> **Try it**
Would you please restate the data exactly as it stands, apart from the pictures?

> **Data excerpt**
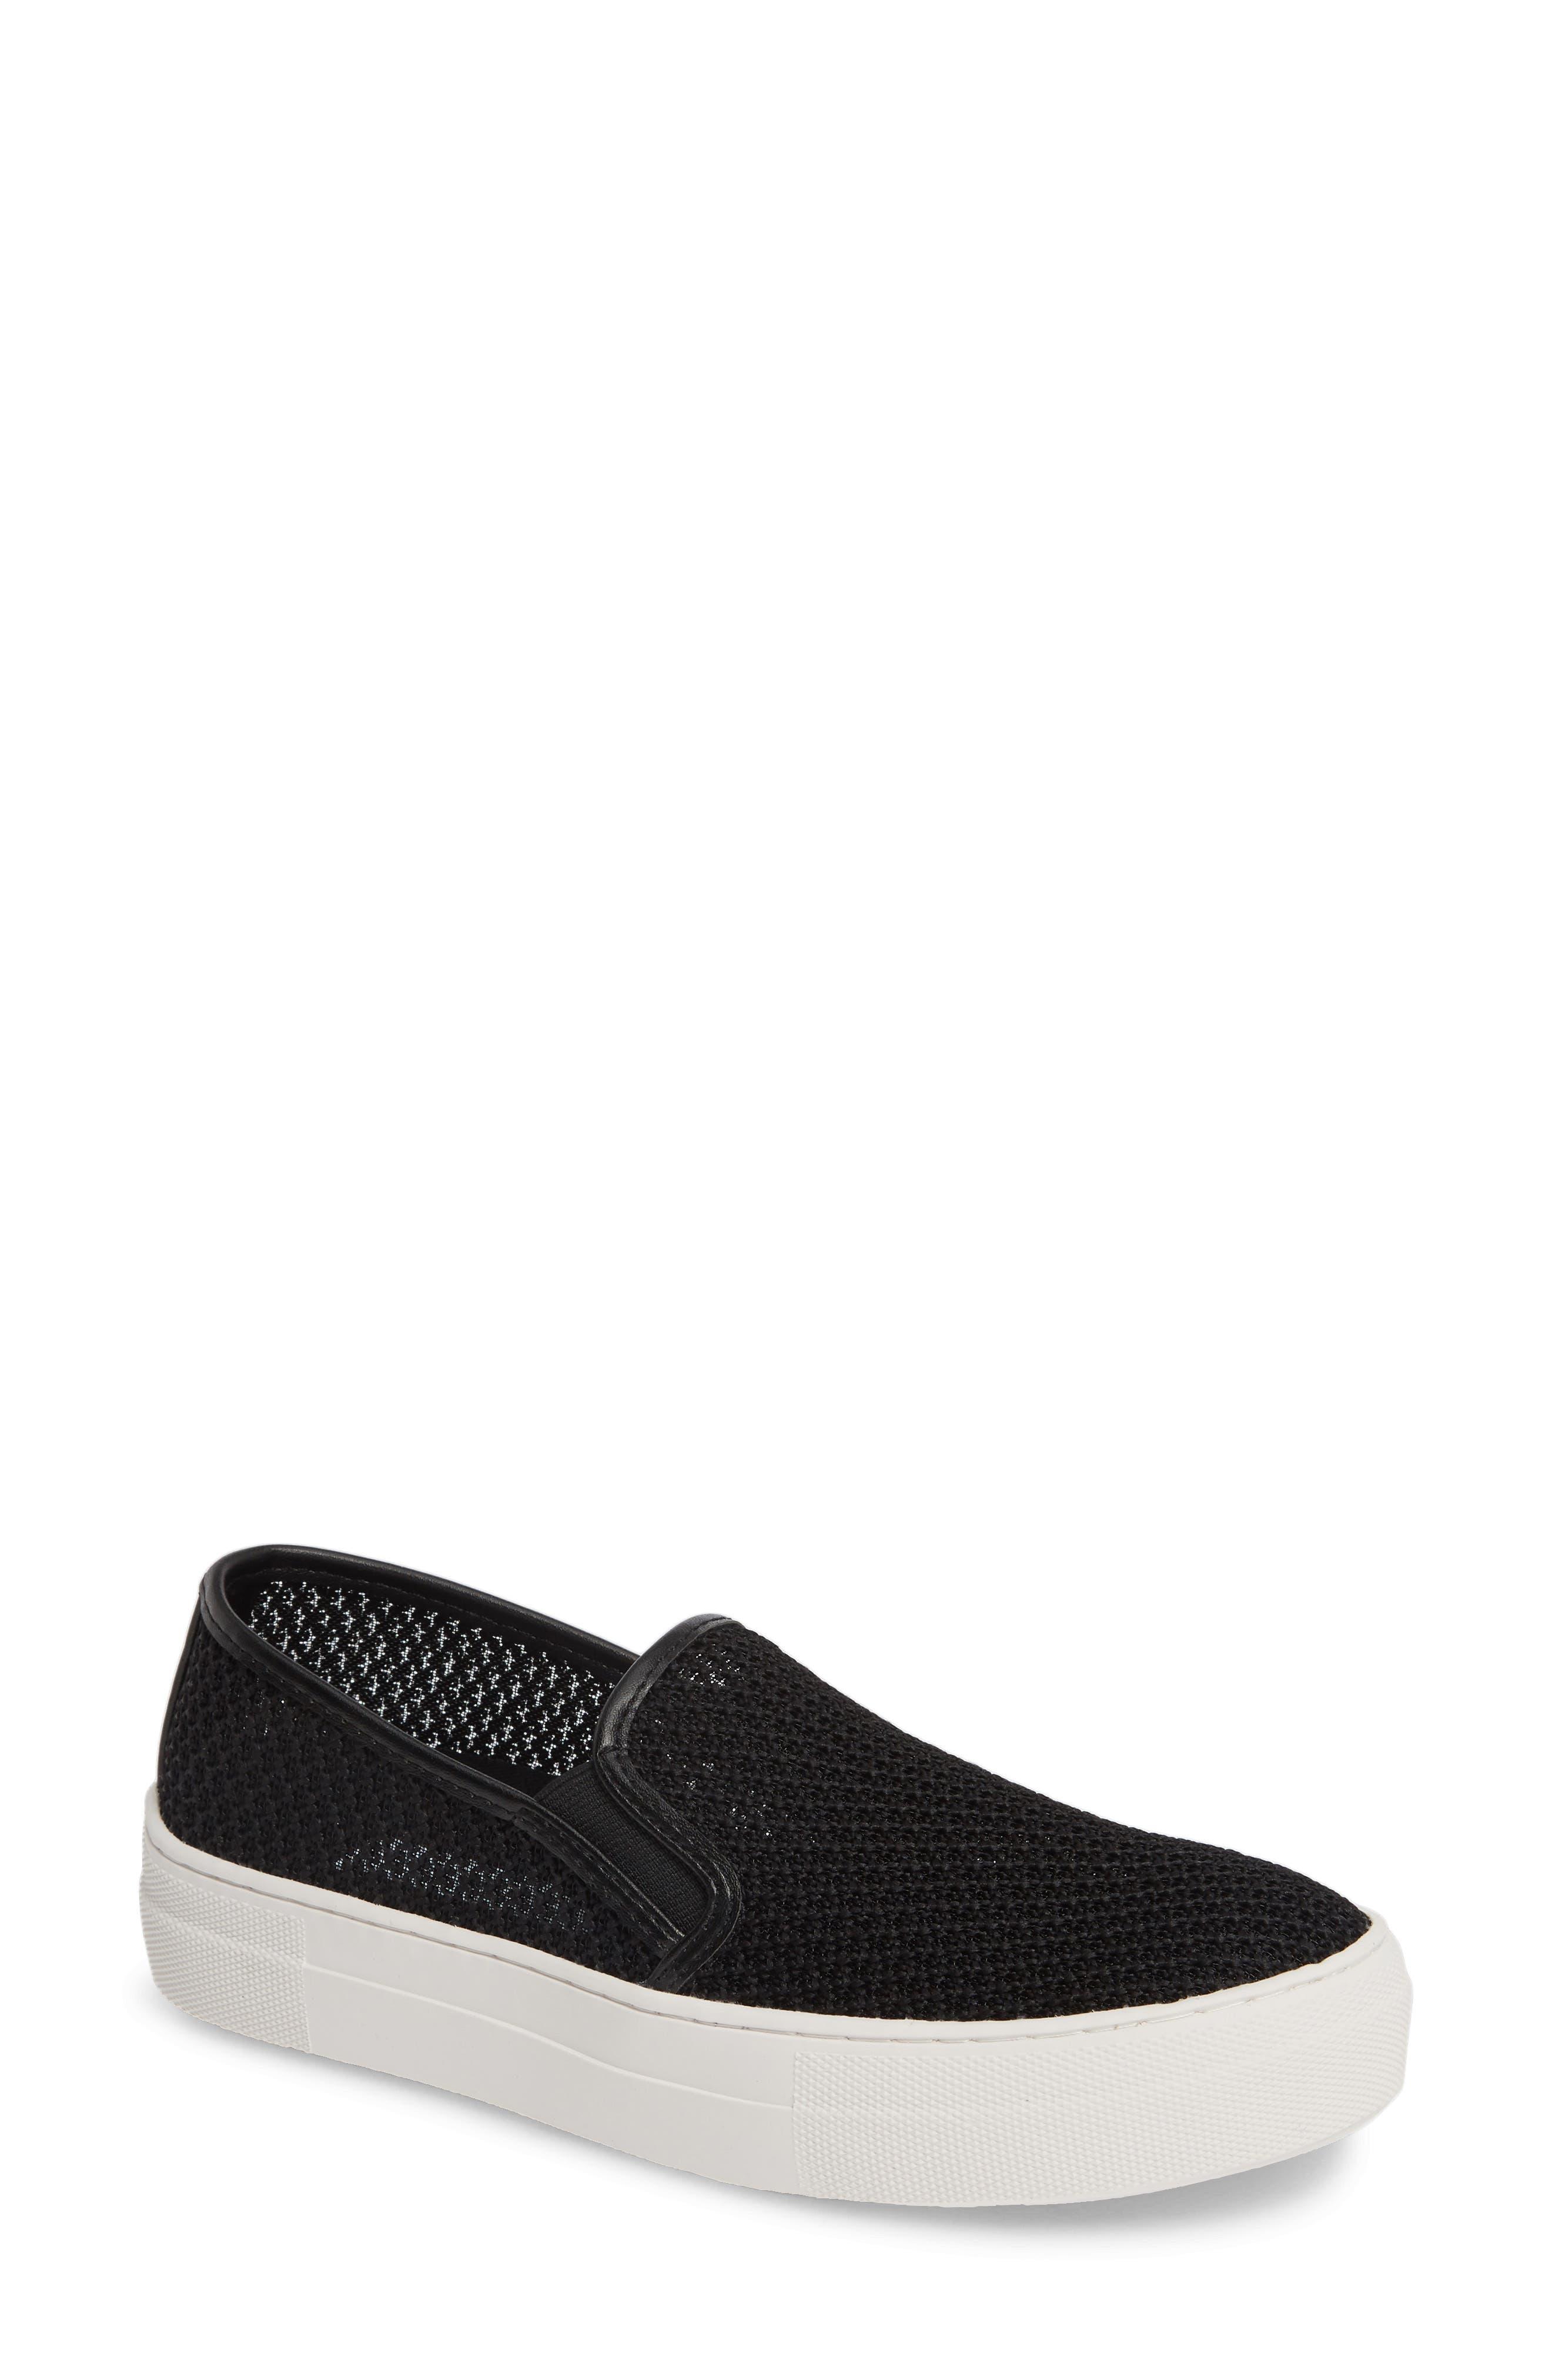 STEVE MADDEN Gills-M Mesh Slip-On Sneaker, Main, color, BLACK
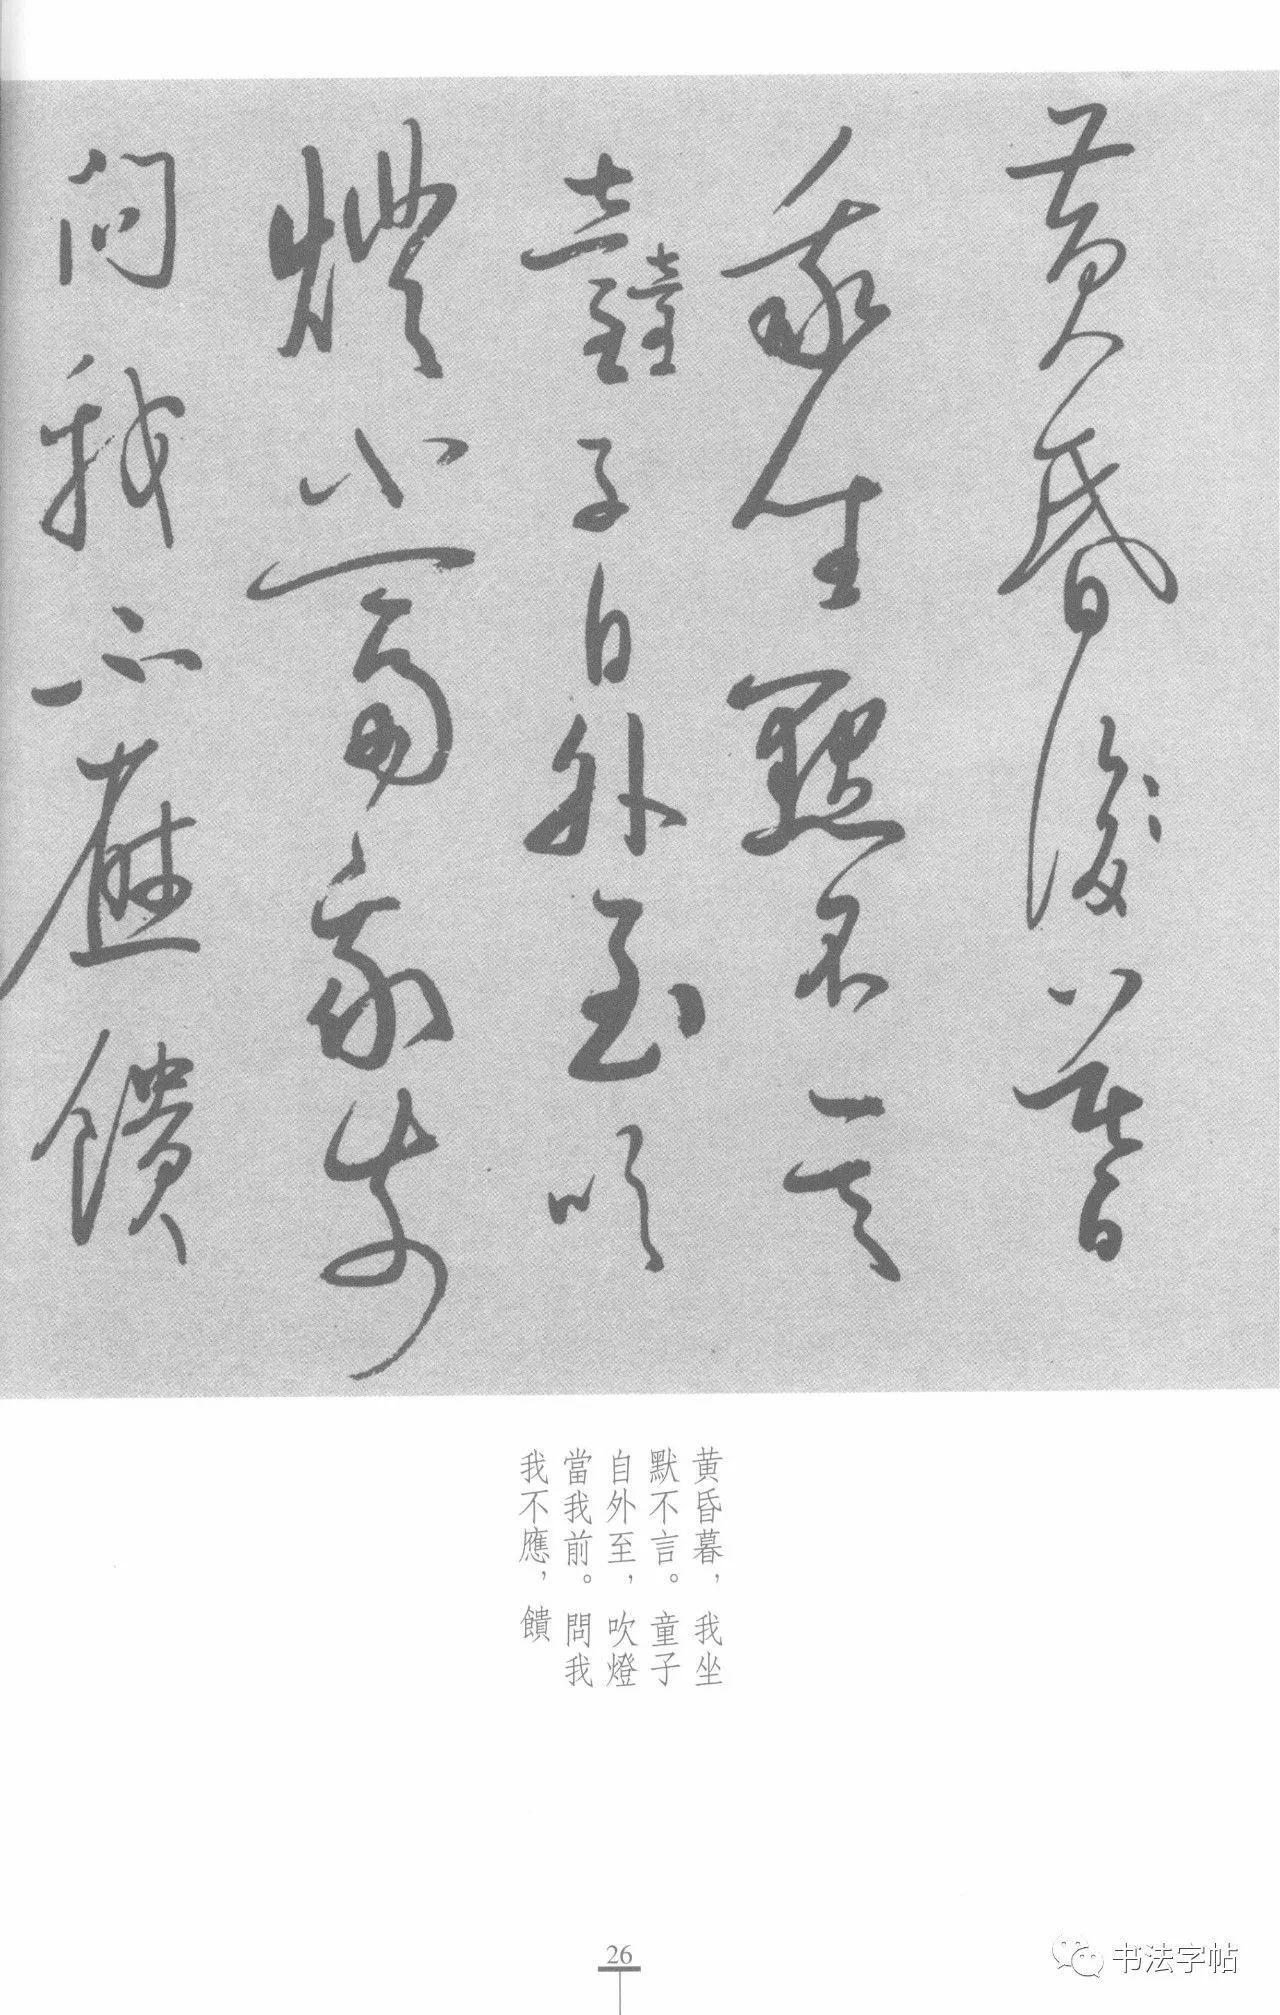 韩愈《晚春》_哔哩哔哩 (゜-゜)つロ 干杯~-bilibili
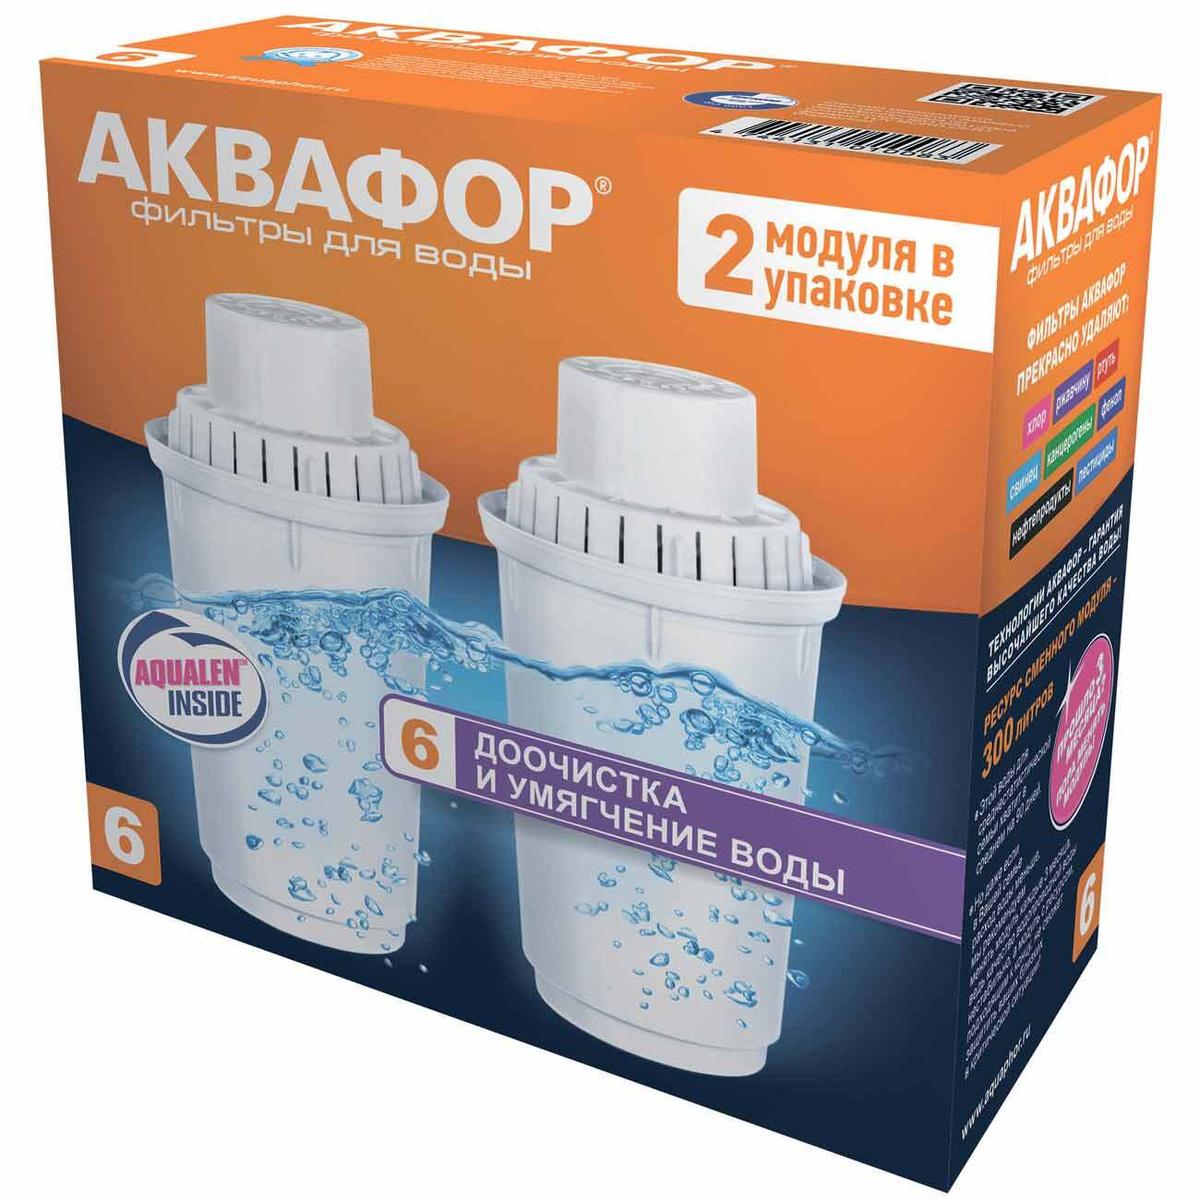 Аквафор Картридж к фильтру для очистки воды В6 (В100-6) #1

> **Written solution**
 STEVE MADDEN Gills-M Mesh Slip-On Sneaker, Main, color, BLACK
 韩愈《晚春》_哔哩哔哩 (゜-゜)つロ 干杯~-bilibili
 Аквафор Картридж к фильтру для очистки воды В6 (В100-6) #1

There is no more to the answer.